A fines de verano, el problema había crecido. El grupo del Caos se había infiltrado en un centenar de ordenadores alrededor del mundo utilizando la red NASA SPAN. ¡Claro, el ordenador Petvax! Aquel incidente del mes de junio, cuando había localizado la conexión en la red de la NASA. Apostaría cualquier cosa a que la línea serpenteaba hasta Alemania. ¡Diablos!

Pronto empecé a darme cuenta de lo que ocurría. El CCC se había infiltrado en los ordenadores del laboratorio físico del CERN, en Suiza, causando innumerables quebraderos de cabeza, donde se decía que habían robado contraseñas, destruido programas y estropeado sistemas experimentales.

Sólo para divertirse.

En el laboratorio suizo, miembros del CCC se habían apropiado de contraseñas para introducirse en ordenadores de laboratorios físicos norteamericanos, como Fermilab en Illinois, Caltech y Stanford. De allí sólo tuvieron que dar un pequeño salto a la red de la NASA y a sus propios ordenadores.

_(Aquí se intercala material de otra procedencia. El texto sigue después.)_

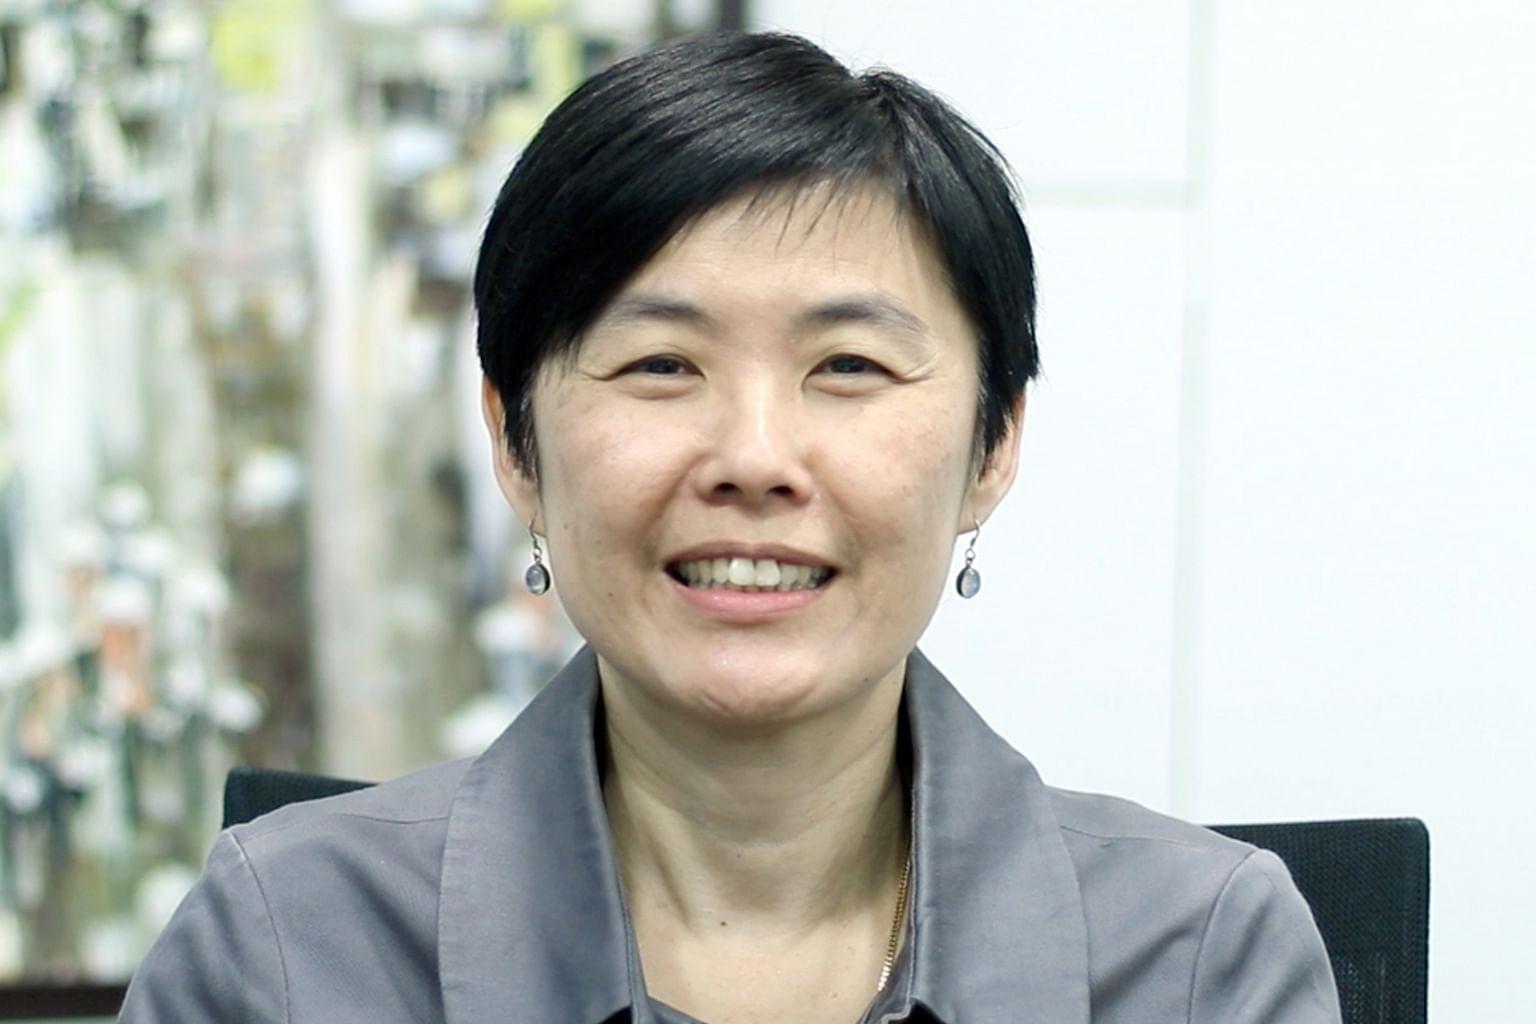 Gary ng singapore scandal choa chu kang girl 2

Cada vez que se introducían en un ordenador, utilizaban dicho bug para convertirse en administrador del sistema. Entonces modificaban el sistema operativo, para que les permitiera entrar con una contraseña especial, conocida sólo por ellos. A partir de aquel momento, cuando algún miembro del CCC utilizaba la palabra mágica en un Vax contaminado, lograba entrar en el mismo, aunque la brecha original hubiera sido reparada.